As expected. The fact that this is not a straight line but jumps from one window to the other is called "fluctuation". This is typical of random numbers. The more we have, the less they will fluctuate around their theoretical value. Now let us ask ourselves, what would be the distribution if we square each random number after drawing it? We can call $X$ the so-called random variable which returns a random number following a given distribution, here, uniform between 0 & 1, so we could write $X\to U([0,1])$. We are then asking, what is the distribution of $X^2$? Is it still uniform? One thing is for sure, is that since $0\le X\le 1$, then also $0\le X^2\le1$. Let us ask the computer what it finds:

lst=[rand()^2 for i=1:10^5]
histogram(lst)

and after

using Plots

This has a clear structure which is not the straight line anymore. Not surprisingly, squared numbers are not uniform. Some people explain it as the square of a small number being smaller than the number itself, so will tend to pile up towards zero. But then shouldn't we expect numbers above 1 to clutter towards larger values? The random variable $2X$ is uniformly distributed over $[0,2]$, but $(2X)^2$ is clearly $4X^2$ and multiplying by 4 the $X^2$ random variable, which has the shape shown above, will not change its structure. More accurately, therefore, this is due to the concavity of the function, rather than its relation to the identity. We can get a better understanding by hunting the theoretical result, which the computer can help us to check, or give us clues, but we shouldn't rely on the computer alone to understand what is going on.
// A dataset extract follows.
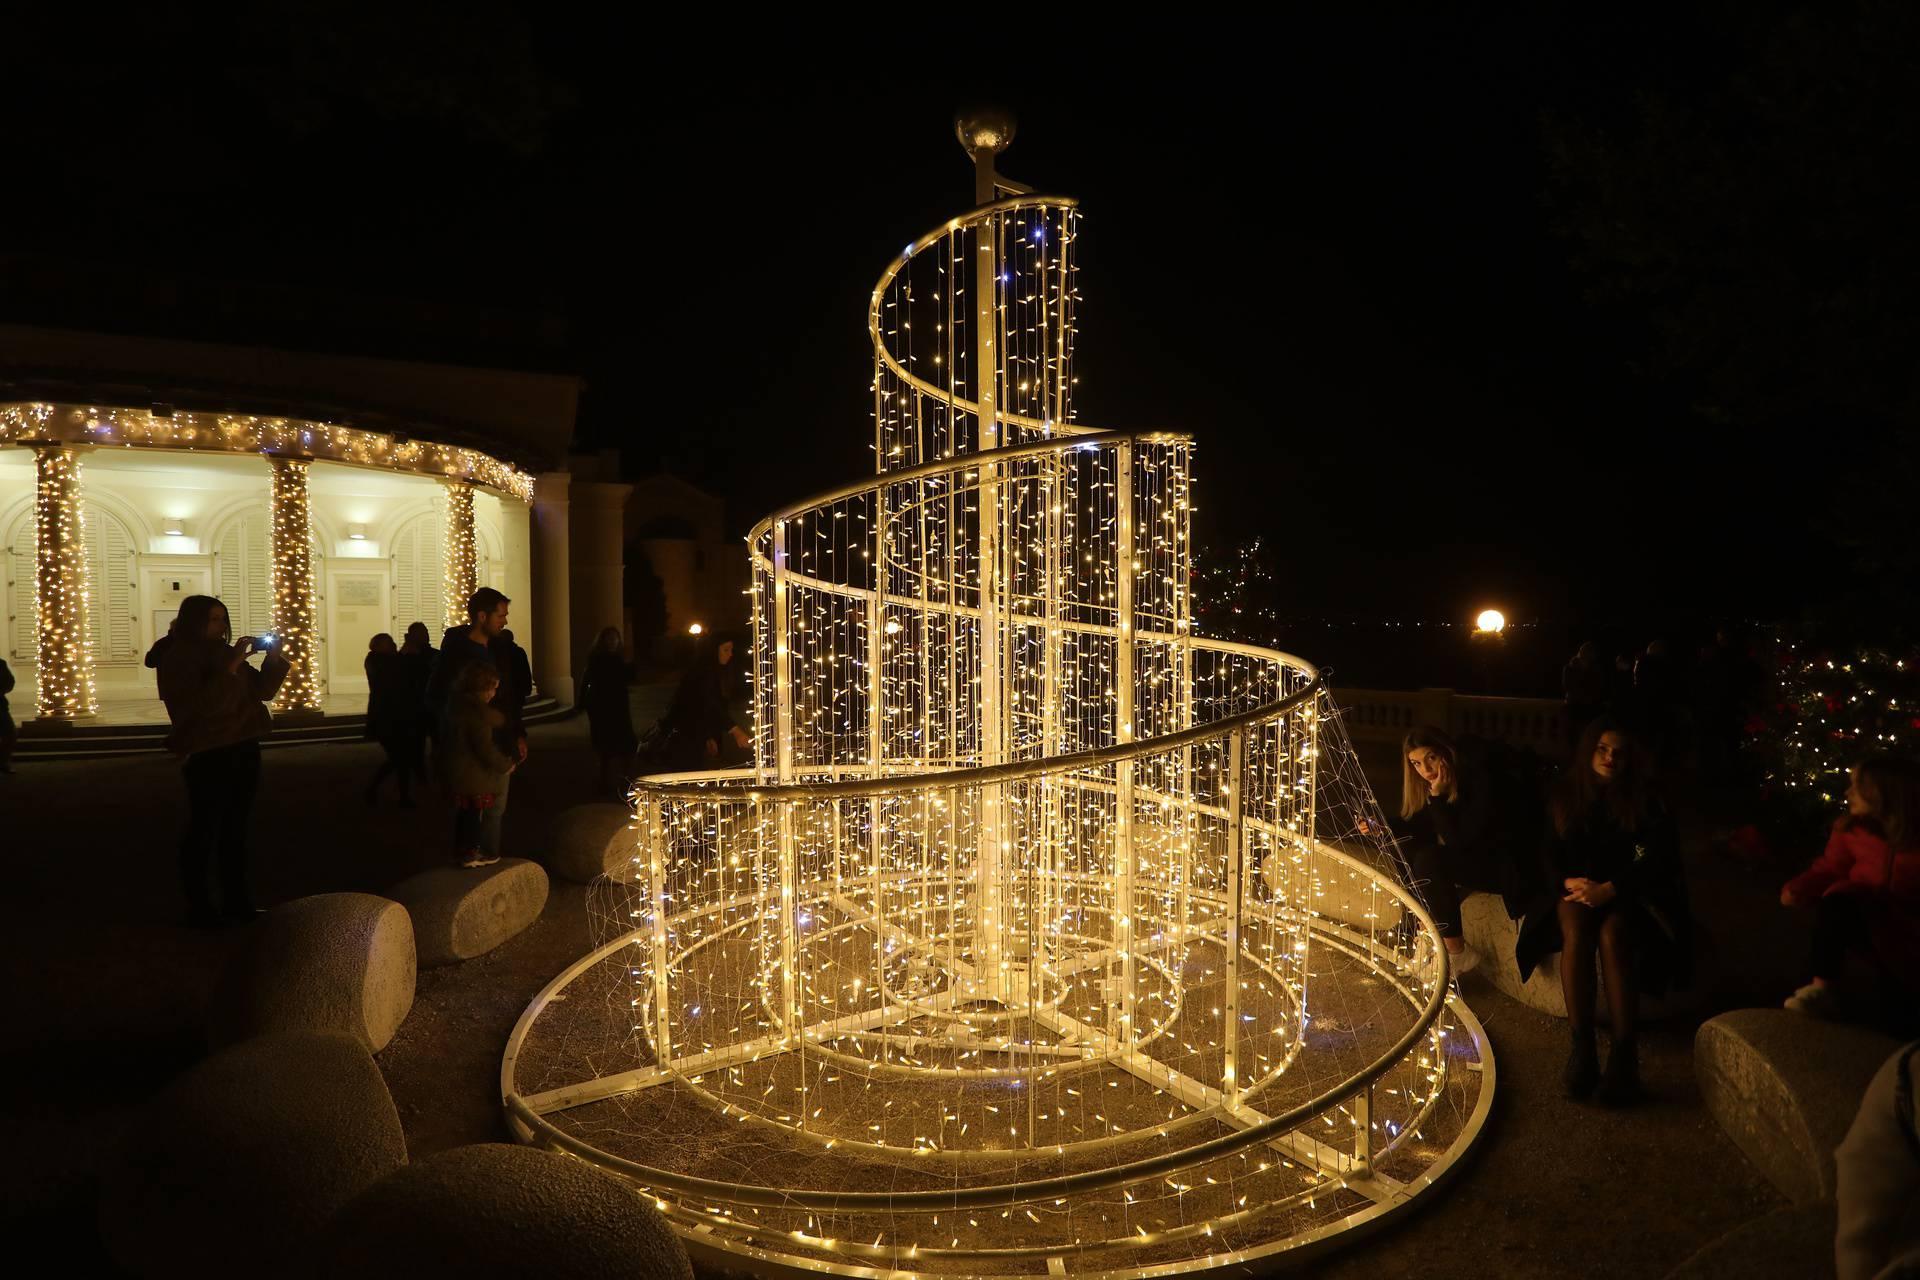 Opatijski Advent počeo paljenjem prve adventske svijeće i raskošne, nikad bogatije blagdanske rasvjete

The exact result is obtained by differentiating the cumulative function, $f_{X^2}=dF_{X^2}/dx$, with $F_{X^2}(x)\equiv=\int_0^x f_{X^2}(y)\,dy$. This follows from the fundamental theorem of calculus. Now, since from the interpretation of $f_{X^2}$ as a density of probability, we have

$$F_{X^2}(x)=\mathbb{P}(X^2\le x)$$

where $\mathbb{P}(X^2\le x)$ is the probability for $X^2$ to be less than $x$, then we can compute $\mathbb{P}(X^2\le x)=\mathbb{P}(X\le\sqrt{x})=\sqrt{x}$, since the probability is uniform. Therefore:

$$f_{X^2}(x)={1\over2\sqrt{x}}\,.$$

Let us check:

f(x)=1/(2*sqrt(x))
histogram(lst,norm=true)
plot!(f,.01,1, linewidth = 4, linecolor = :red, linealpha=0.75)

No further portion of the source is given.